In this chapter, William Atkinson continues to tell lies, because he continues to ensure that humans are awake and active in the astral plane, carrying out everything that they most wanted to do during their earthly life, but that they could not do while they were living on the physical plane.
 
But this is false because the masters specified that the vast majority of humans lose consciousness after death and are asleep on the astral plane.
 
And although it is true that the masters added that during the post-mortem sleep, souls can experience and develop what they most desired, but could not achieve during their earthly life, they also specified that this is done in Devachan and not in Astral (which is just a transition zone between the physical world and the divine world).
 
And also William Atkinson makes the mistake of declaring that the Law of Karma performs much of its work on the astral plane, because master Kuthumi specified that when a human dies, negative karma stops temporarily and waits for that human to return to physical life to haunt him again, since the physical world is the place for action, while the Devachan is the place for rest.
 
And surely William Atkinson copied these lies from Charles Leadbeater who was spreading them as you can read in the following extract that appears in chapter three of his book "The life after death and how theosophy unveils it":
 
« On the astral plane the man is free to do precisely what he likes, and can devote his whole time to whatever may be his chosen occupation so long.
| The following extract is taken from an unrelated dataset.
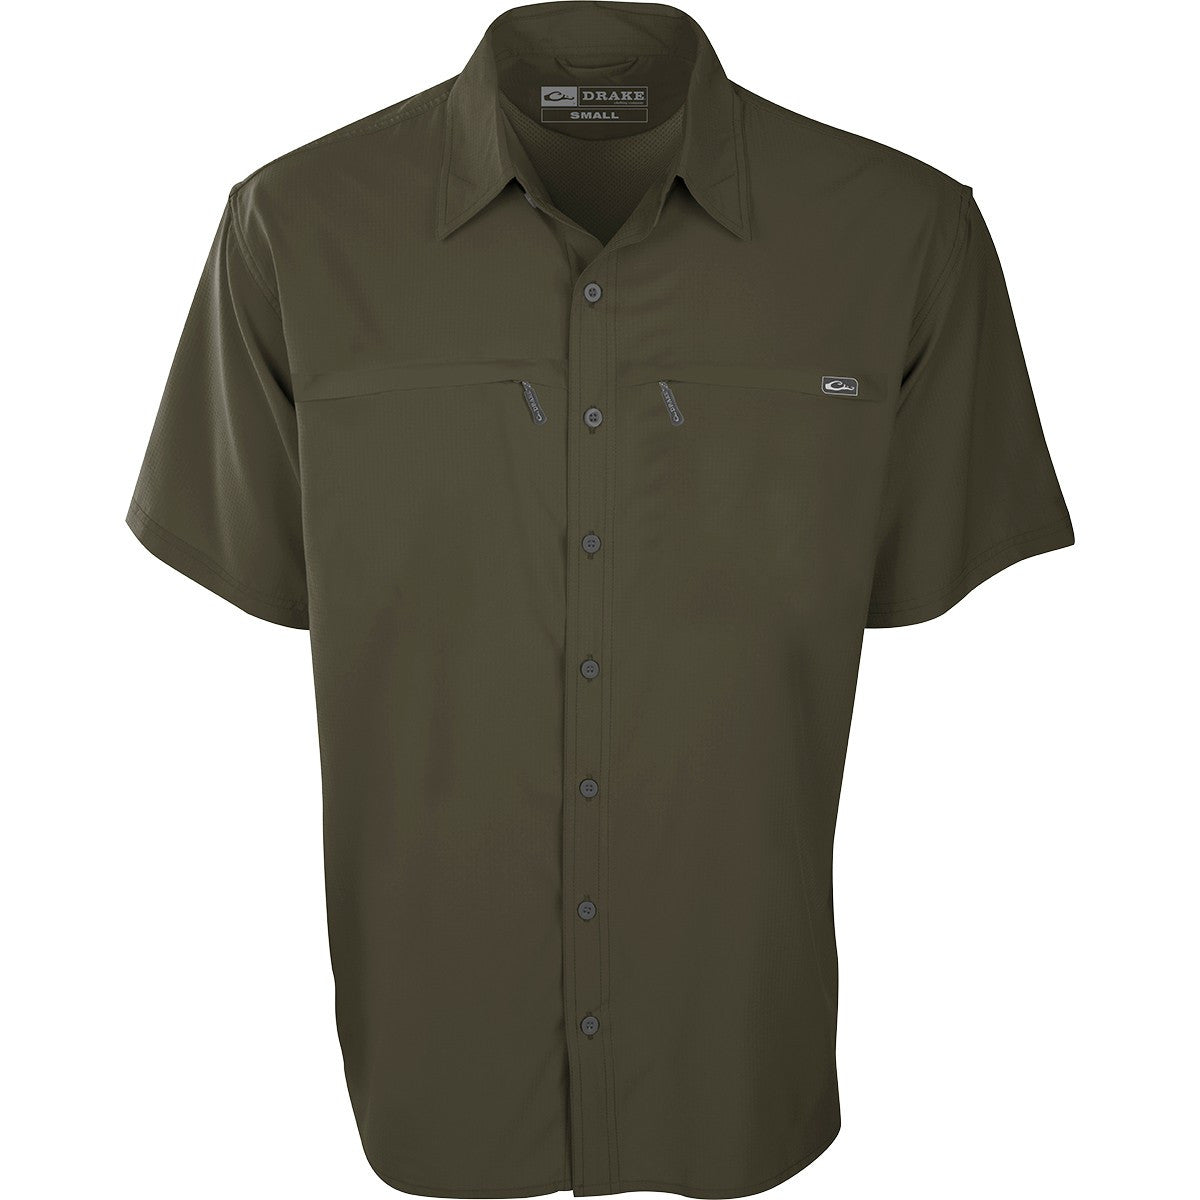 Drake DPF Town Lake Fishing Short Sleeve Shirt-Men's Clothing-Olive Night-S-Kevin's Fine Outdoor Gear & Apparel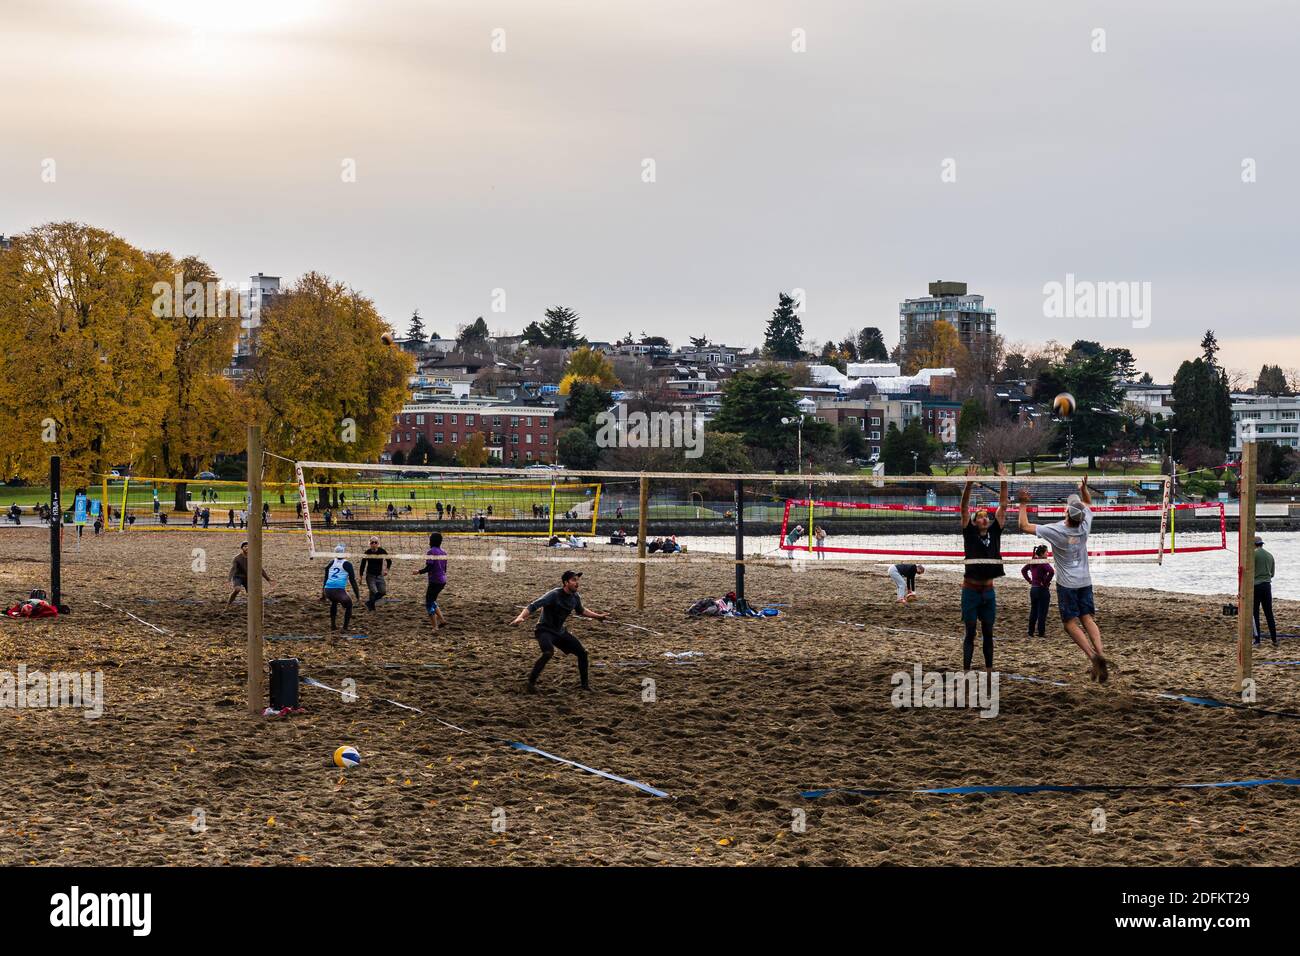 VANCOUVER, CANADA - NOVEMBER 21, 2020: people playing beach volleyball in kitsilano autumn day. Stock Photo

For example, a man who greatest delight is music, upon the astral plane he has the opportunity of listening to all the grandest music that earth can produce, and is even able under these new conditions to hear far more in it than before, since here other and fuller harmonies than our dull ears can grasp are now within his reach. The man whose delight is in art, who loves beauty in form and color, has all the loveliness of this higher world before him from which to choose. If his fancy turns towards science or history, the libraries and the laboratories of the world are at his disposal. »
 
This book was published in 1912, but Leadbeater had been teaching this long before through lectures he gave on his international tours.